Bloomberg

(Bloomberg) -- Credit Suisse Group AG’s real estate unit is nearing the sale of European shopping malls valued at about 700 million euros ($776 million), according to two people with knowledge of the matter.

The three malls -- two in Germany and one in Italy -- are owned by Credit Suisse’s CS Euroreal mutual fund, said the people, who asked not to be identified because the information is private. The fund was frozen for redemptions in 2010 in the wake of the financial crisis.

Bids for the Melody portfolio are due this week, the people said. Investors interested in bidding include Deka Group and Union Investment, two other people said. Representatives at Credit Suisse, Deka and Union declined to comment.

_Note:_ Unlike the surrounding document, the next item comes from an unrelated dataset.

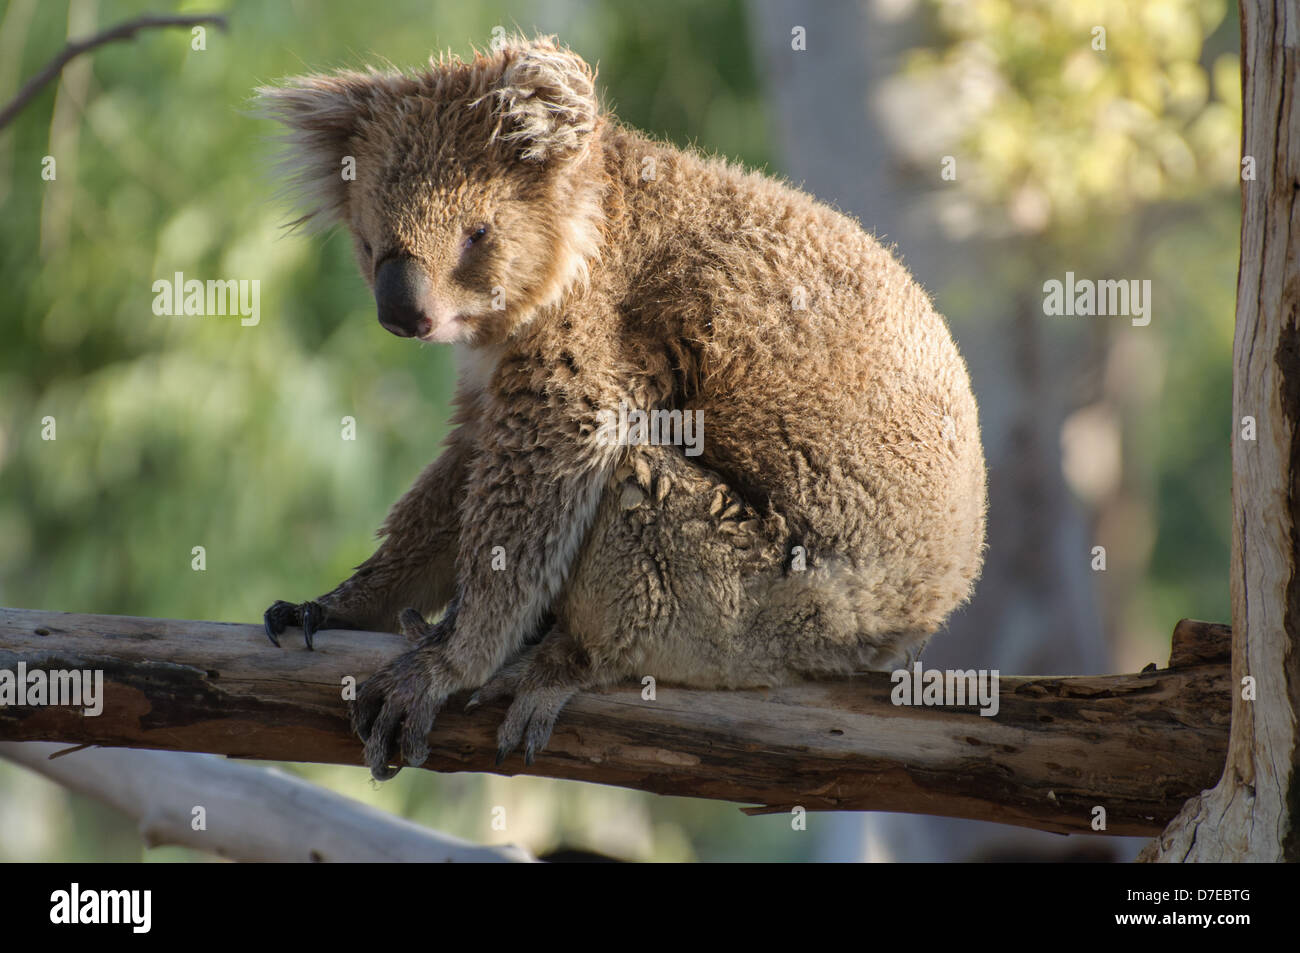 A koala sitting on a eucalyptus branch, in sunlight Stock Photo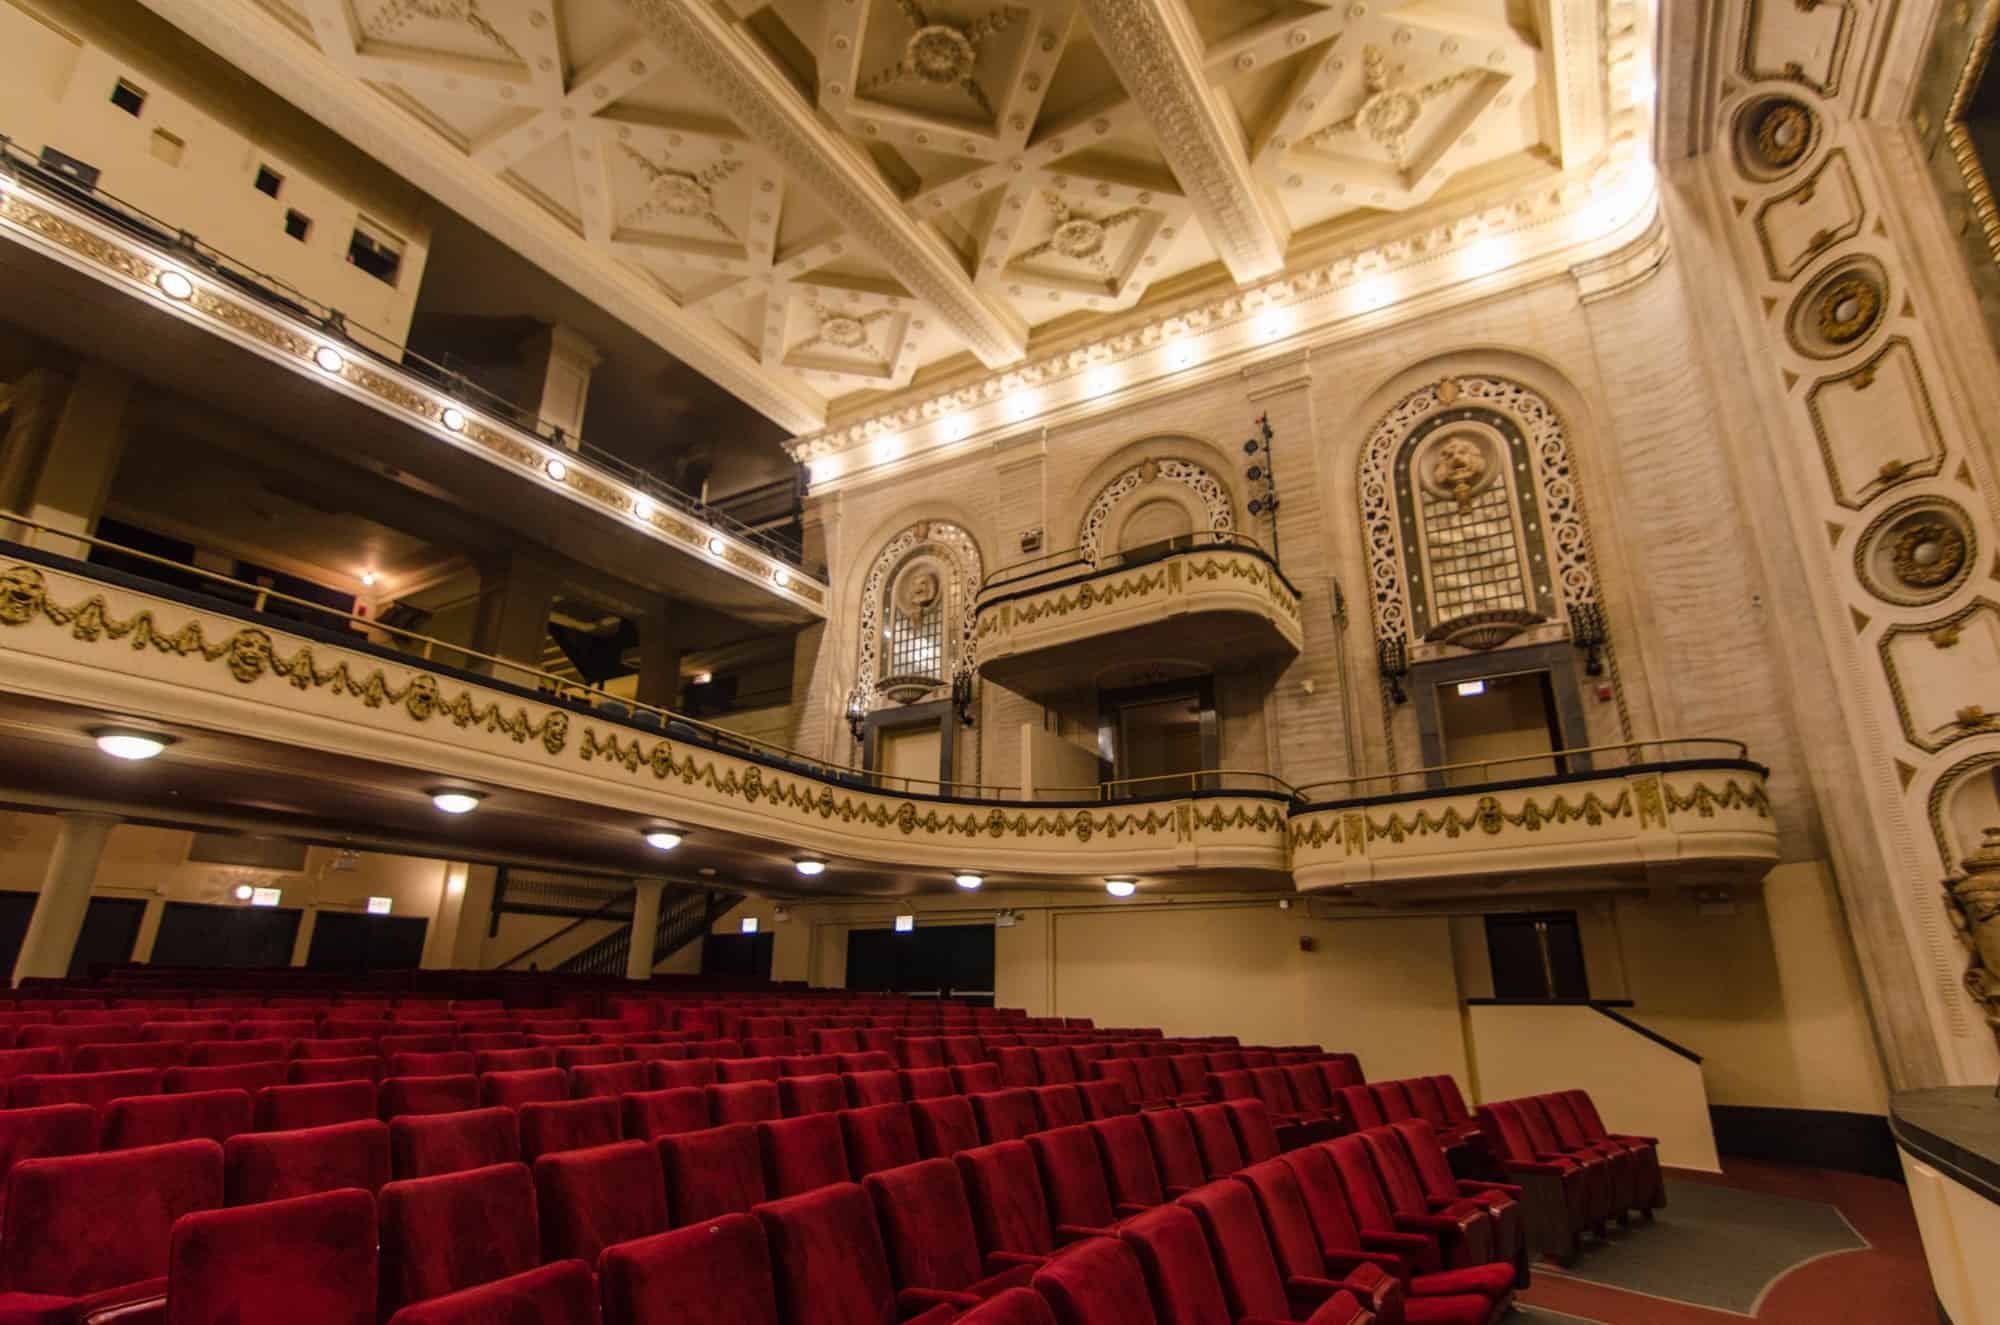 Image Description: The auditorium of the Studebaker Theater.

Almost 20 German property mutual funds halted redemptions following Lehman Brothers Holdings Inc.’s bankruptcy in 2008, and some are still selling assets in order to meet government deadlines to wind down. CS Euroreal -- one of the two biggest to be hit by the crisis -- has sold about 4.6 billion euros of assets since it was frozen in 2010. It still has 1.9 billion euros to divest before it’s handed to a custodian bank in April.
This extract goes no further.